In June 2025, Ben spoke via the internet to students across Germany, answering their questions in what Saller describes as a great success.
Saller continues to bring Ben's story into German classrooms through his lecture series, "Ben Lesser: Holocaust and Death Train" (www.bensweg.com).
Saller documents the full arc of the transport.
When it stopped in Nammering, the train waited five days on three sidings because the Plattling station had been bombed and the railroad near Tittling was damaged.
It was the prisoners in the rear wagons who were forced out; 794 were murdered there.

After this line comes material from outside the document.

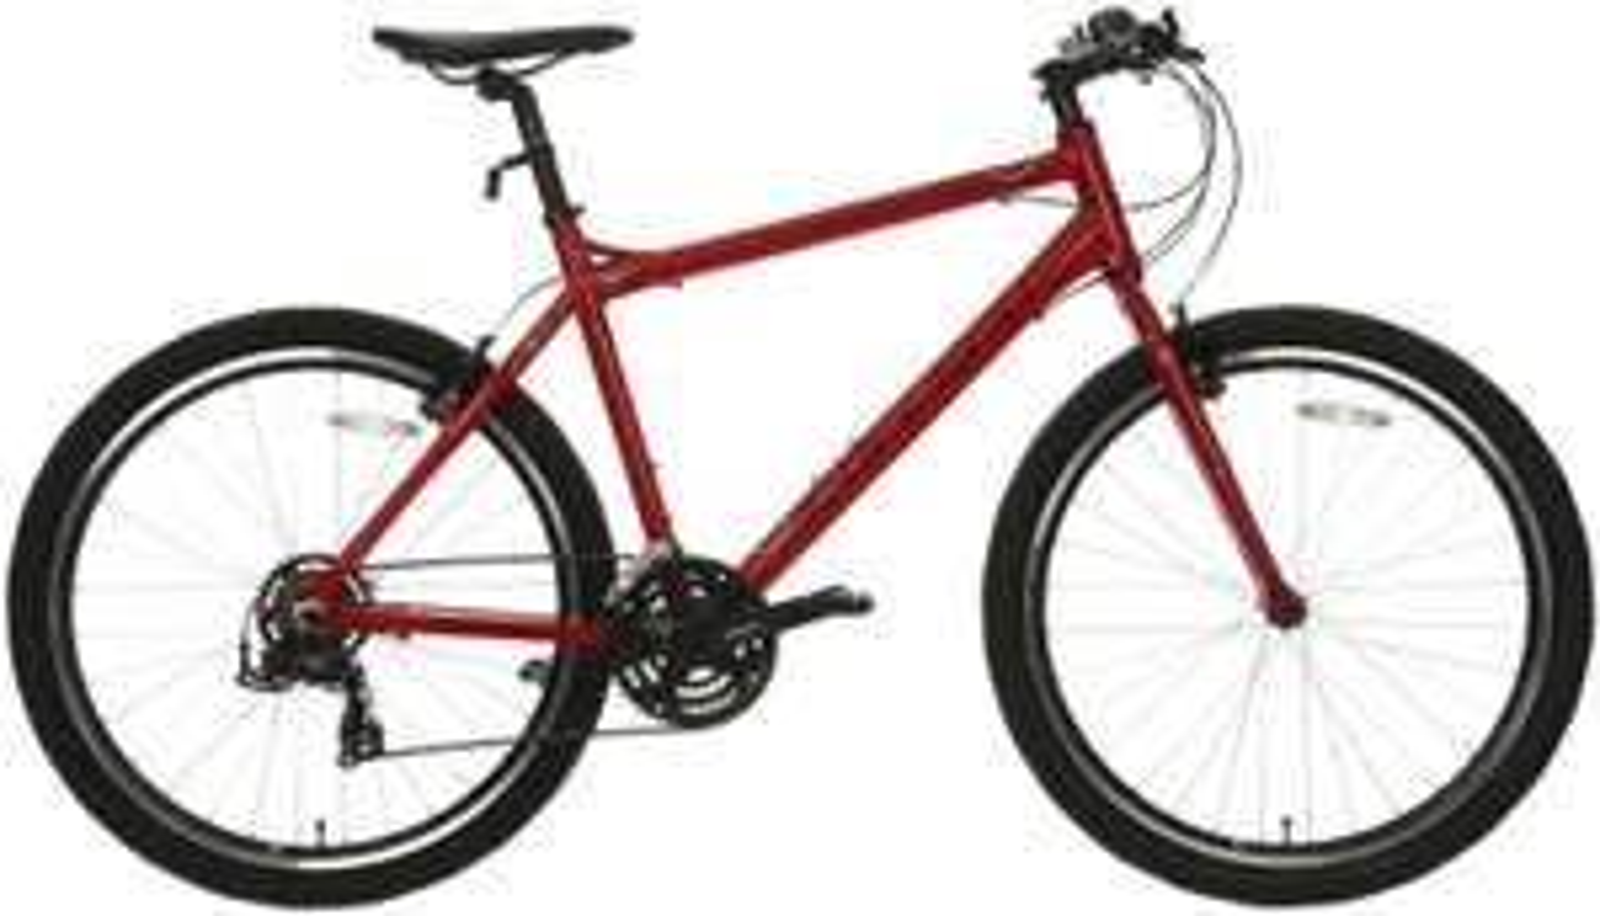 "Carrera Axle Mens Hybrid Bike Bicycle Red 27.5"" Aluminium wheels 21 Speed, £180 from Halfords"

Saller describes it as the biggest crime of the Nazis in Lower Bavaria.
It was Saller who extended the invitation to Gail to speak at the 2026 Nammering commemoration.
Ben's voice carries on
Ben Lesser spent the final years of his life speaking to hundreds of thousands of students worldwide.
He believed remembrance was not passive, but required action, courage and the willingness to stand in uncomfortable rooms and tell the truth anyway.
Gail carried that belief with her to Nammering.
She stood at the place where her father's train stopped, beside a memorial that took 40 years and considerable courage to build, and she said his name.
She came to remember the 794.
This column was submitted by the Zachor Foundation, which is based in Las Vegas.